I've implemented the three main prime/reduction algorithm pairs and timed them on the field_benchmarks branch.

Here are the timings in nanoseconds, and approximate number of cycles (assuming boost), on an i7-7700hq @ 2.8 GHz (3.8 GHz boost). Proth-5 is 5⋅2⁵⁵ + 1 and Proth-29 is 29⋅2⁵⁷ + 1. The Serial timing measures the average cost per modular multiplication when they're done one after the other, whereas the Interleaved timing measures the average cost when several are interleaved at once.

Prime	Serial		Interleaved
	ns	cyc	ns	cyc
Crandall	4.06	15.5	0.98	3.7
Goldilocks	3.97	15.1	1.22	4.6
Proth-5	2.16	8.2	0.67	2.5
Proth-29	2.58	9.8	0.87	3.3

The main observation is that Goldilocks doesn't perform as well as we had hoped. I spent a while trying different variations of the implementation, but it was very hard to remove the data dependencies caused by overflow/underflow on the addition/subtractions at the end. Of all the things I tried, the fastest version was:

fn reduce128(x: u128) -> GoldilocksField {
    // Write x = a0 + a1*2^64  (0 <= a0, a1 < 2^64)
    //         = b0 + b1*2^32 + b2*2^64 + b3*2^96  (0 <= b0, b1, b2, b3 < 2^32)
    const MASK_LO_32_BITS: u64 = (1u64 << 32) - 1u64;
    let (a0, a1) = split(x);   // This is a no-op
    let b3 = a1 >> 32;
    let b2 = a1 & MASK_LO_32_BITS;
    let x = (b2 << 32) - b2;  // Can't underflow
    let (y, cy) = x.overflowing_add(a0);
    let (mut z, br) = y.overflowing_sub(b3);

    if cy {
        z = z.overflowing_sub(GoldilocksField::ORDER).0;
    }
    if br {
        z = z.overflowing_add(GoldilocksField::ORDER).0;
    }
    GoldilocksField(z)
}

which compiles down to

reduce128:
        ; x = a0 + a1*2^64 arrives in (rdi, rsi) = (a0, a1)
        mov     rcx, rsi
        shr     rcx, 32
        mov     eax, esi
        shl     rsi, 32
        sub     rsi, rax
        lea     rax, [rsi + rdi]
        sub     rax, rcx
        mov     edx, 4294967295
        add     rdx, rax
        add     rsi, rdi
        cmovae  rdx, rax
        movabs  rax, -4294967295
        add     rax, rdx
        cmp     rsi, rcx
        cmovae  rax, rdx
        ret

Happy to hear about any ideas for improvements!

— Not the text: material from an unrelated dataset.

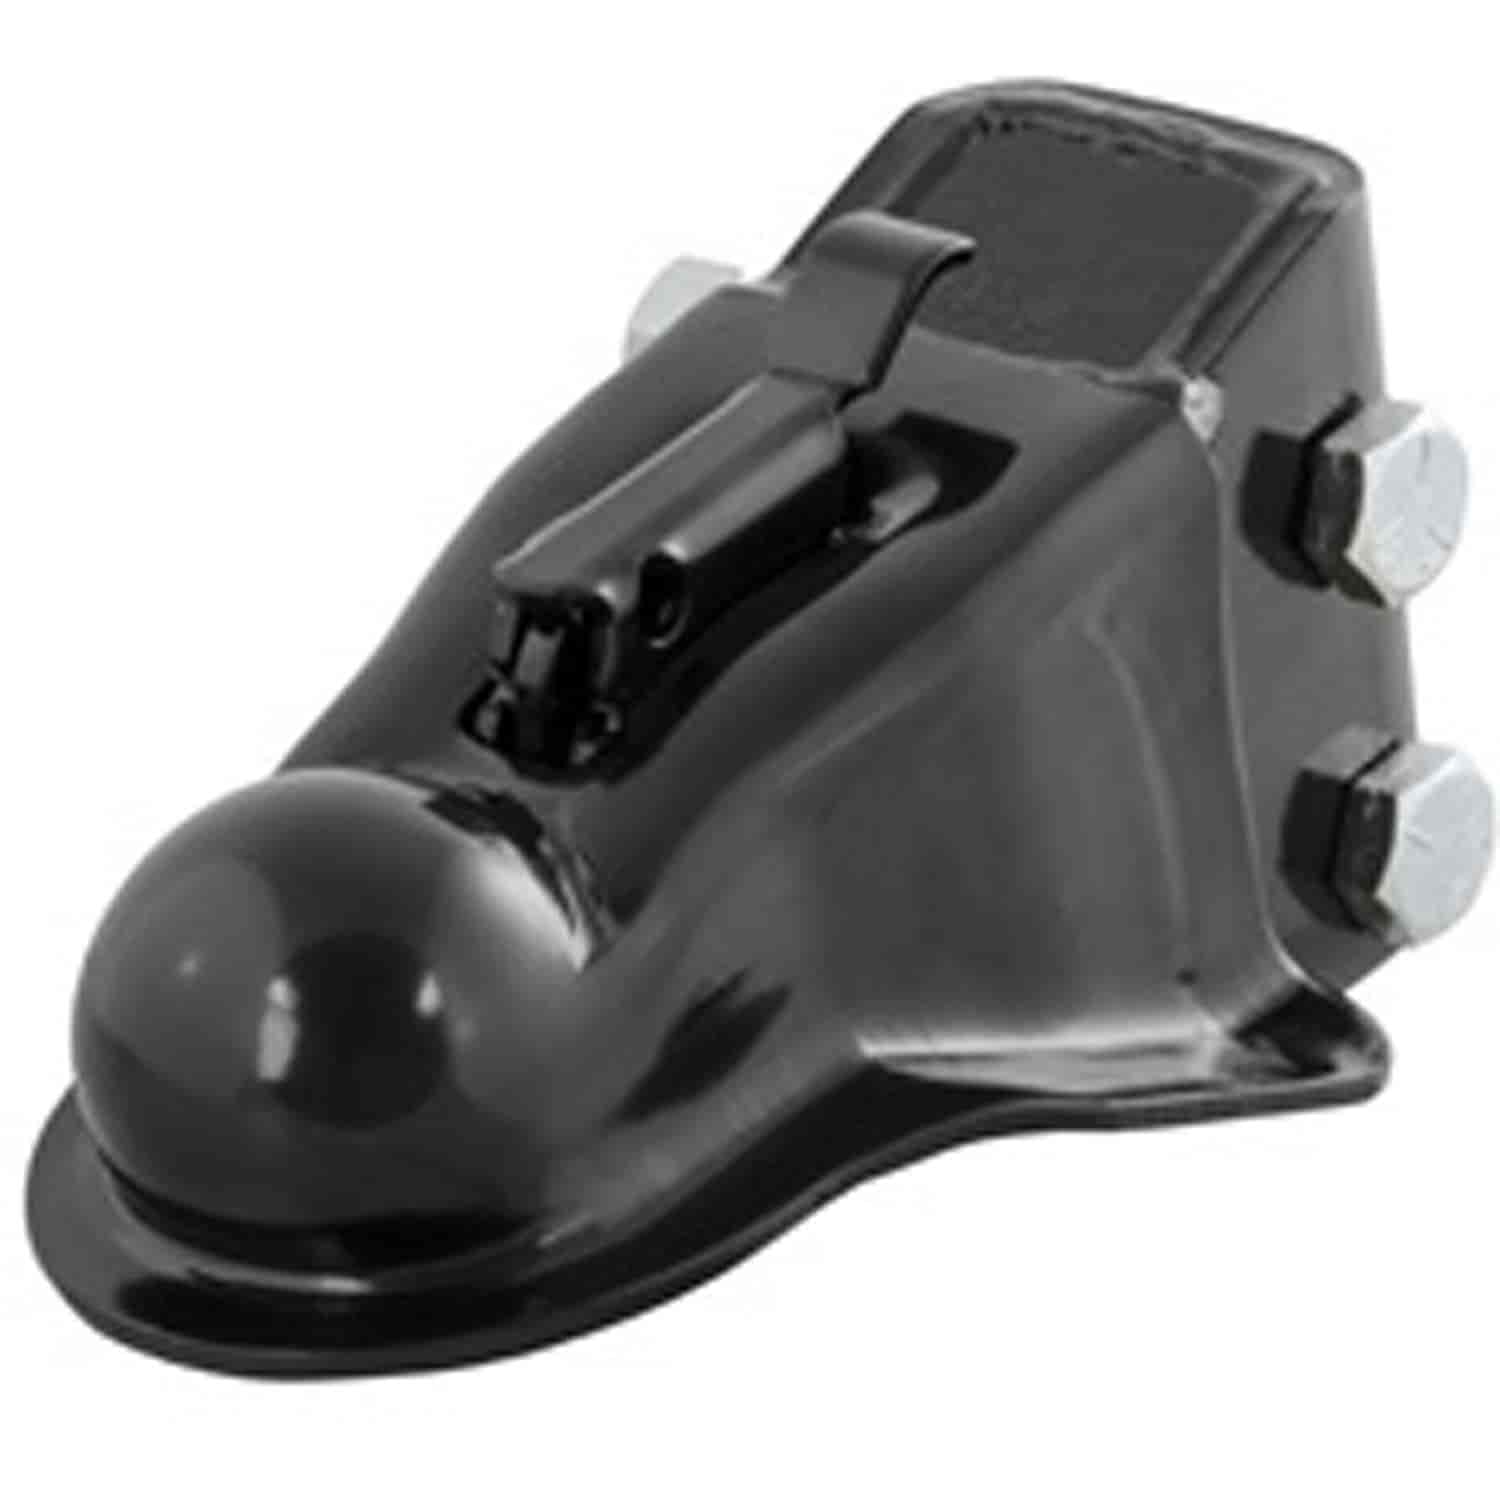 Channel-Mount Coupler with Easy Lock 14,000 lbs. Gross Trailer Weight, 2 5/16 in. Ball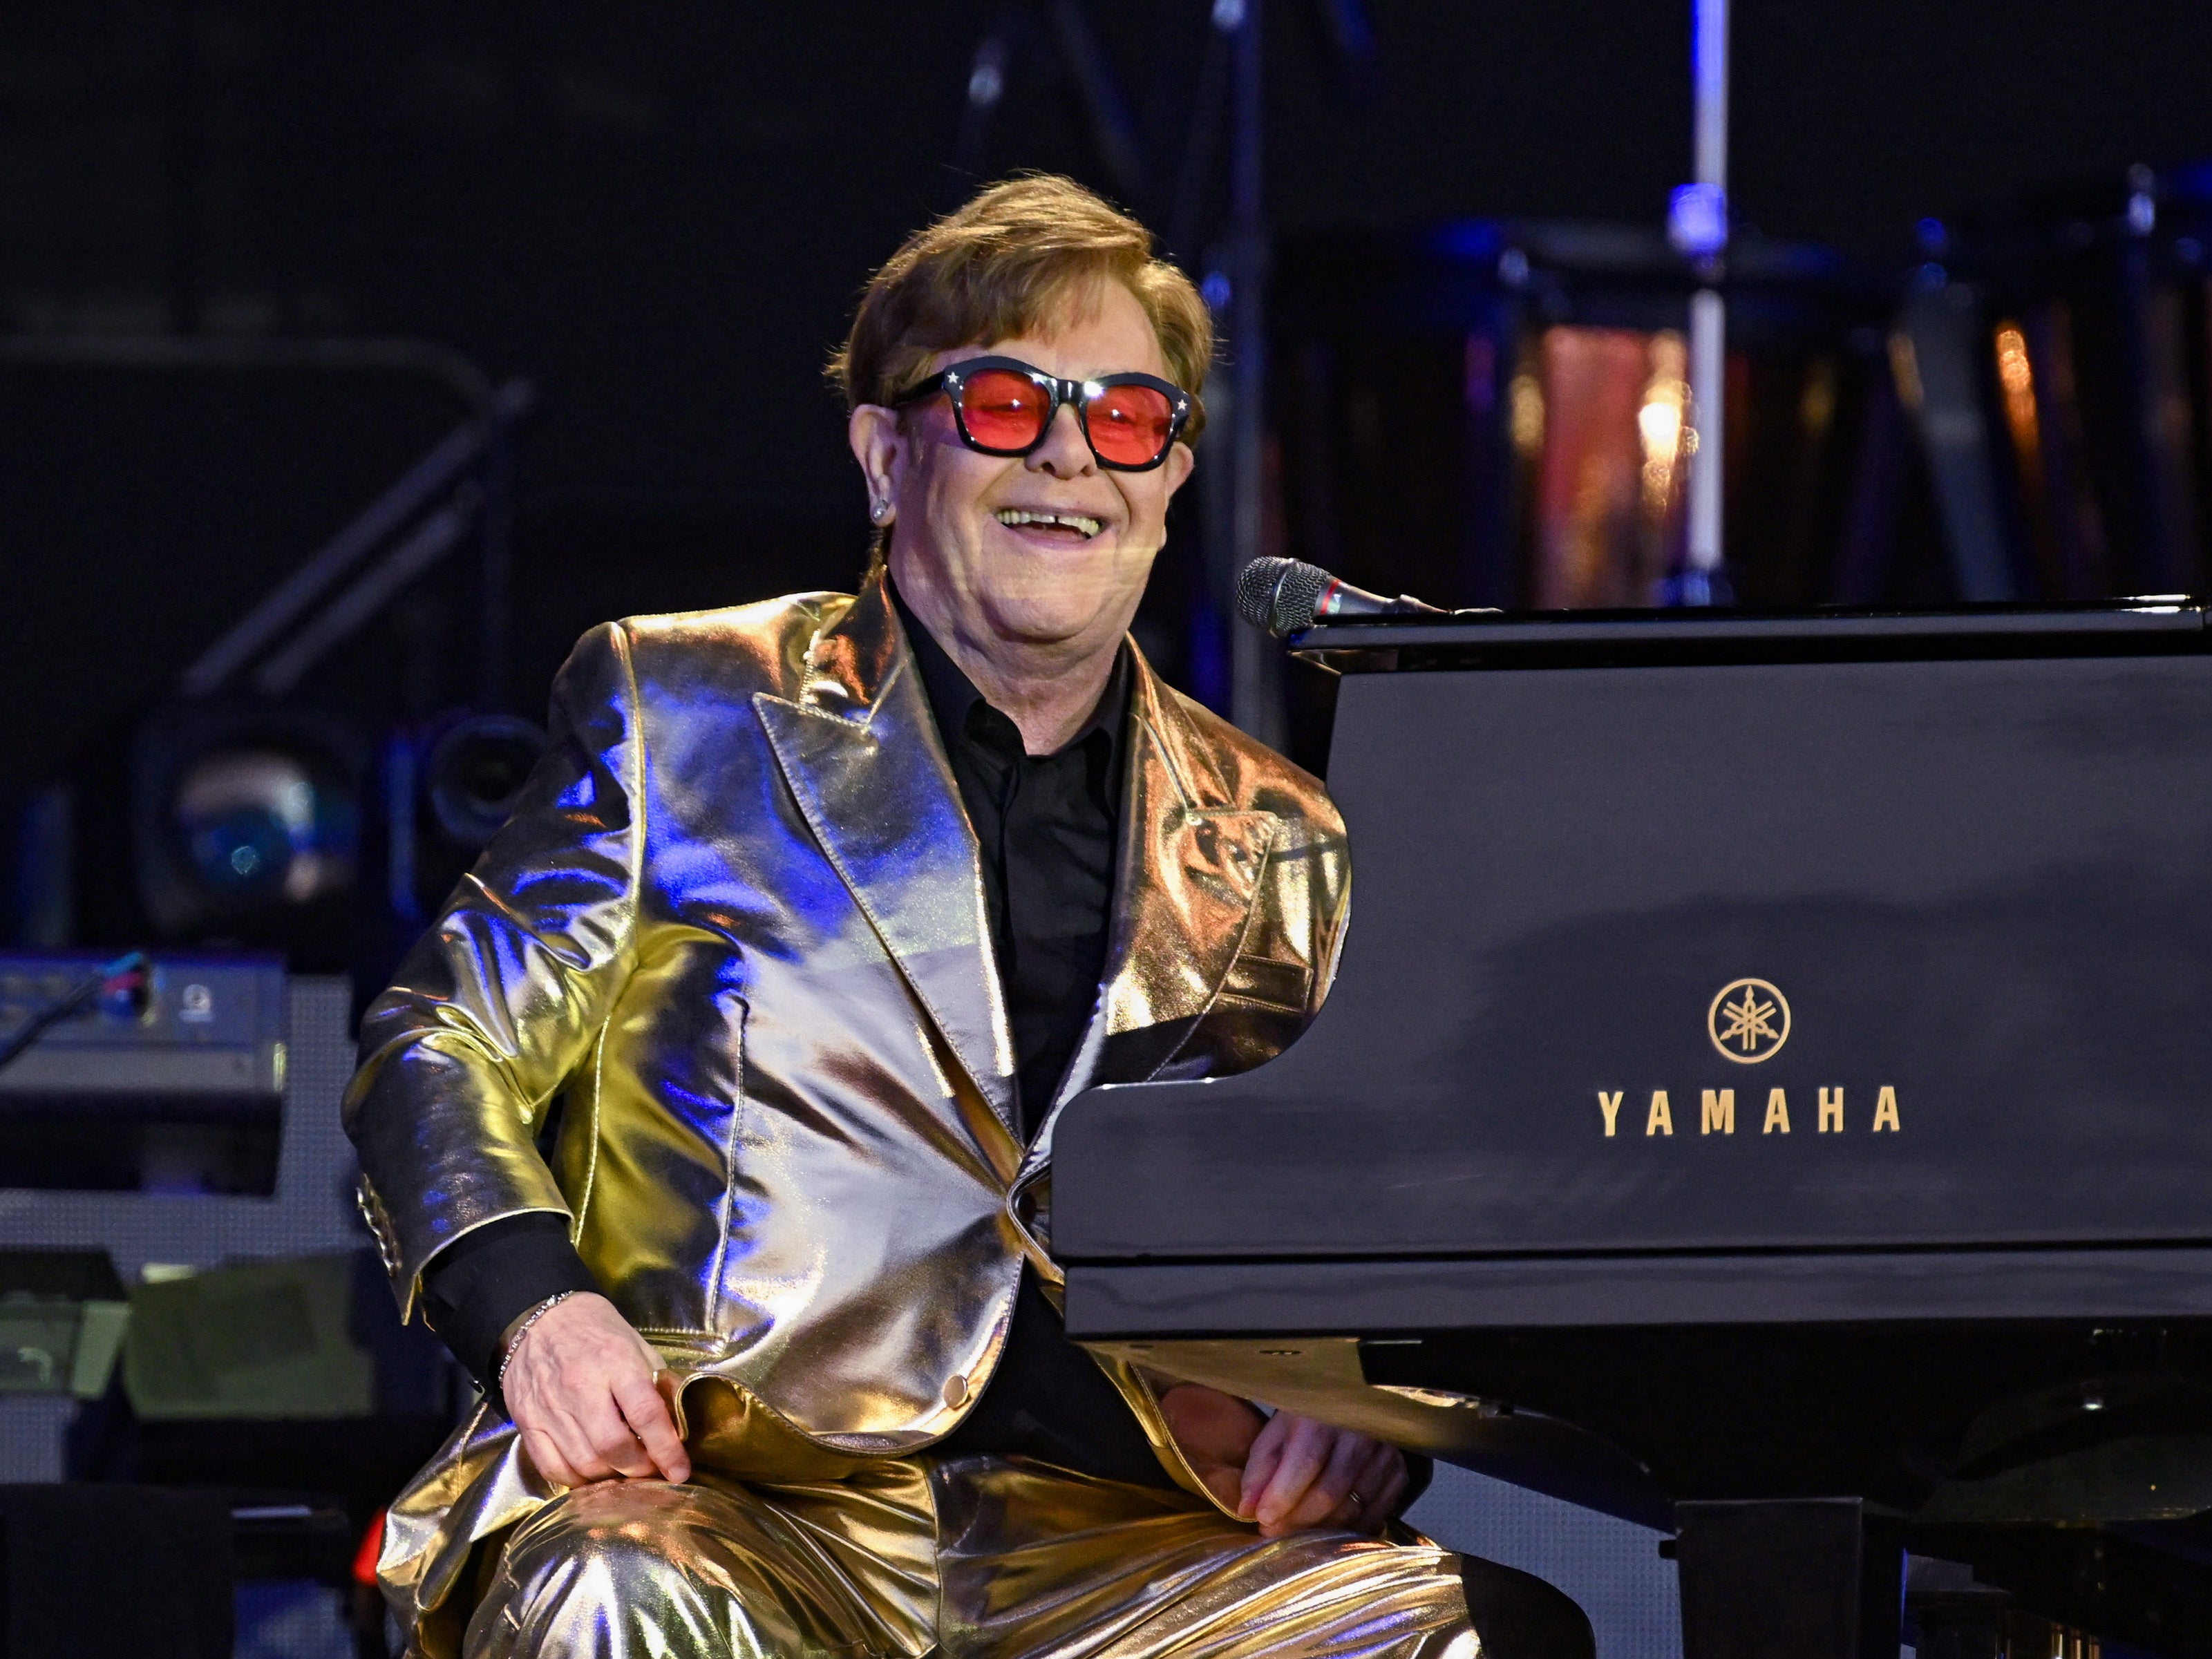 Elton John brought a joyful sense of occasion to the day at the festival on Sunday

The other observation is that the Proth reduction is very fast; in fact the interleaved Proth-5 is almost optimal, since the 64-bit multiplication itself is 2 cycles. The caveat is that it is only partial reduction, though it is compatible with the FFT in a nice way (cf. this comment on issue 8).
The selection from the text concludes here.